A 25 g bullet with a muzzle velocity of 300 m/s is fired into a board 4.0 cm thick. A). In a hard board, the bullet penetrates 3.0 cm and comes to a stop. What is the average force exerted on the bullet by the board?
B). For a soft board, the bullet goes through the board and emerges with a speed of 50 m/s. What was the average force exerted on the bullet by the board.
Answers:
A= 37,500 N
B= 27344 N
Show work
momentum = m v = .025 * 300
stops in .03 meters
average speed during stop = 150 m/s
time to stop = .03 meters/150 m/s
force = change in momentum/time
= .025 * 300 / (.03/150)
= 37,500 N
do B the same way
Maybe we could just get rid of guns... ¯\_(ツ)_/¯
A) To find the average force exerted on the bullet by the board in scenario A where the bullet penetrates 3.0 cm and comes to a stop, we can use the principle of work and energy.
The work done on an object is equal to the product of the force applied and the distance it moves in the direction of the force. In this case, the force exerted by the board decelerates the bullet until it comes to a stop. The work done by the board is equal to the change in kinetic energy of the bullet.
The initial kinetic energy of the bullet is given by:
KE_initial = (1/2) * m * v_initial^2
where m is the mass of the bullet (25 g = 0.025 kg) and v_initial is the initial velocity of the bullet (300 m/s).
The final kinetic energy of the bullet when it comes to a stop is zero.
Therefore, the work done by the board is equal to the initial kinetic energy of the bullet:
Work = KE_final - KE_initial
= 0 - (1/2) * m * v_initial^2
= - (1/2) * 0.025 kg * (300 m/s)^2
Now, the work done by the board is equal to the force exerted by the board (F) multiplied by the distance the bullet penetrates into the board (d = 3.0 cm = 0.03 m):
Work = F * d
Setting these two equal, we can solve for the average force exerted by the board:
F * d = - (1/2) * 0.025 kg * (300 m/s)^2
F = (- (1/2) * 0.025 kg * (300 m/s)^2) / 0.03 m
Calculating this expression, we find:
F = 37,500 N
Therefore, the average force exerted on the bullet by the hard board is 37,500 N.
B) To find the average force exerted on the bullet by the soft board in scenario B where the bullet emerges with a speed of 50 m/s, we can again use the principle of work and energy.
The work done on an object is equal to the product of the force applied and the distance it moves in the direction of the force. In this case, the force exerted by the board decelerates the bullet.
The initial kinetic energy of the bullet is given by:
KE_initial = (1/2) * m * v_initial^2
where m is the mass of the bullet (0.025 kg) and v_initial is the initial velocity of the bullet (300 m/s).
The final kinetic energy of the bullet when it emerges with a speed of 50 m/s is given by:
KE_final = (1/2) * m * v_final^2
where v_final is the final velocity of the bullet (50 m/s).

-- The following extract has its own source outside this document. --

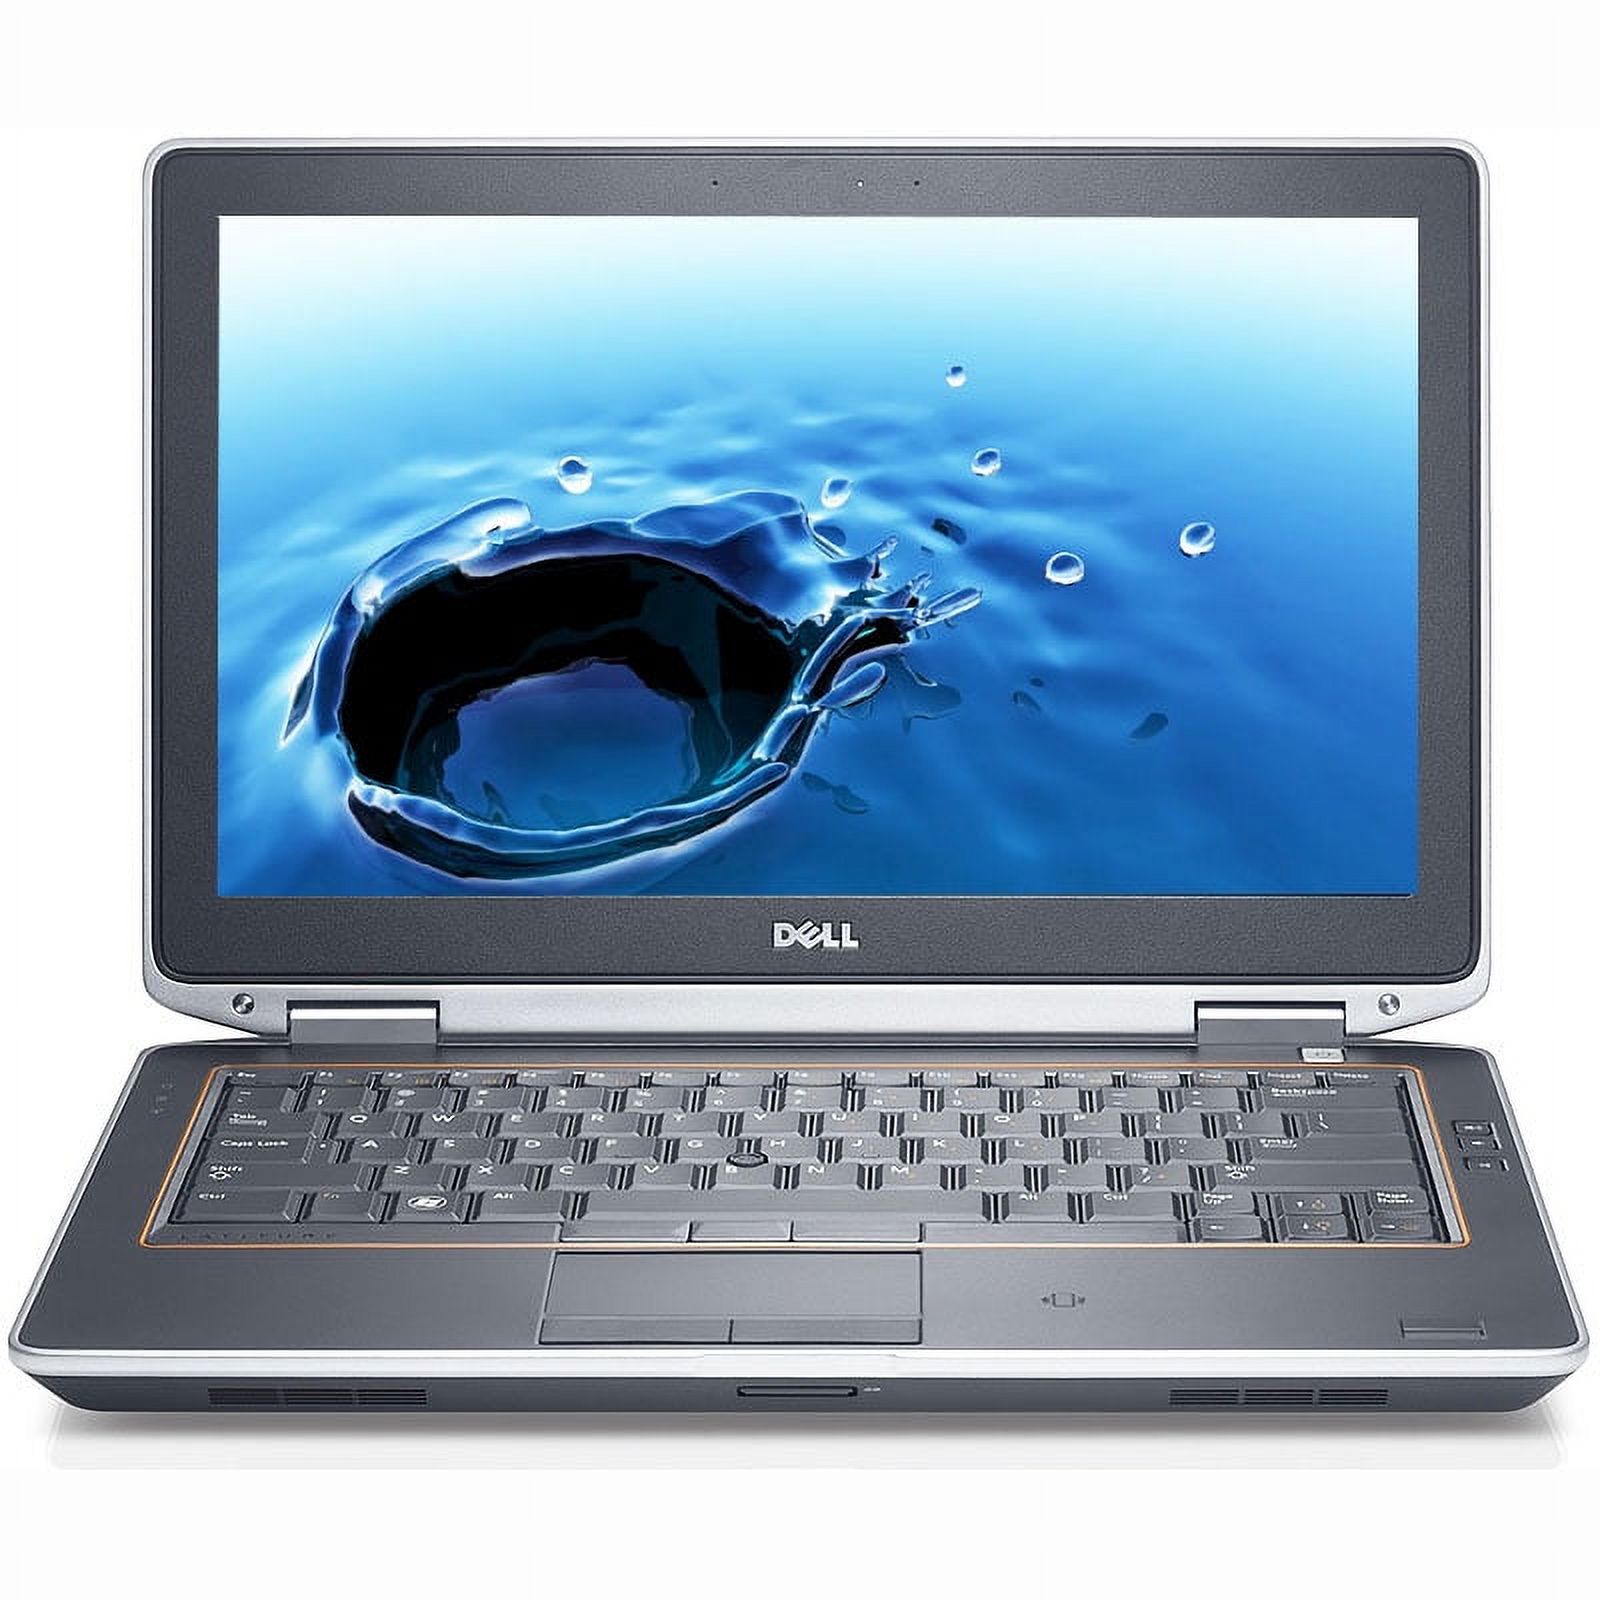 Used Dell Latitude E6320 i5 2.6GHz 4GB 320GB DVD Windows 10 Pro 64 Laptop B Camera - image 1 of 4

The work done by the board is equal to the change in kinetic energy of the bullet:
Work = KE_final - KE_initial
= (1/2) * m * v_final^2 - (1/2) * m * v_initial^2
Now, the work done by the board is equal to the force exerted by the board (F) multiplied by the distance through which the bullet moves in the board (d = 4.0 cm = 0.04 m):
Work = F * d
Setting these two equal, we can solve for the average force exerted by the board:
F * d = (1/2) * m * v_final^2 - (1/2) * m * v_initial^2
F = [(1/2) * m * v_final^2 - (1/2) * m * v_initial^2] / d
Calculating this expression, we find:
F = [(1/2) * 0.025 kg * (50 m/s)^2 - (1/2) * 0.025 kg * (300 m/s)^2] / 0.04 m
F = 27344 N
Therefore, the average force exerted on the bullet by the soft board is 27344 N.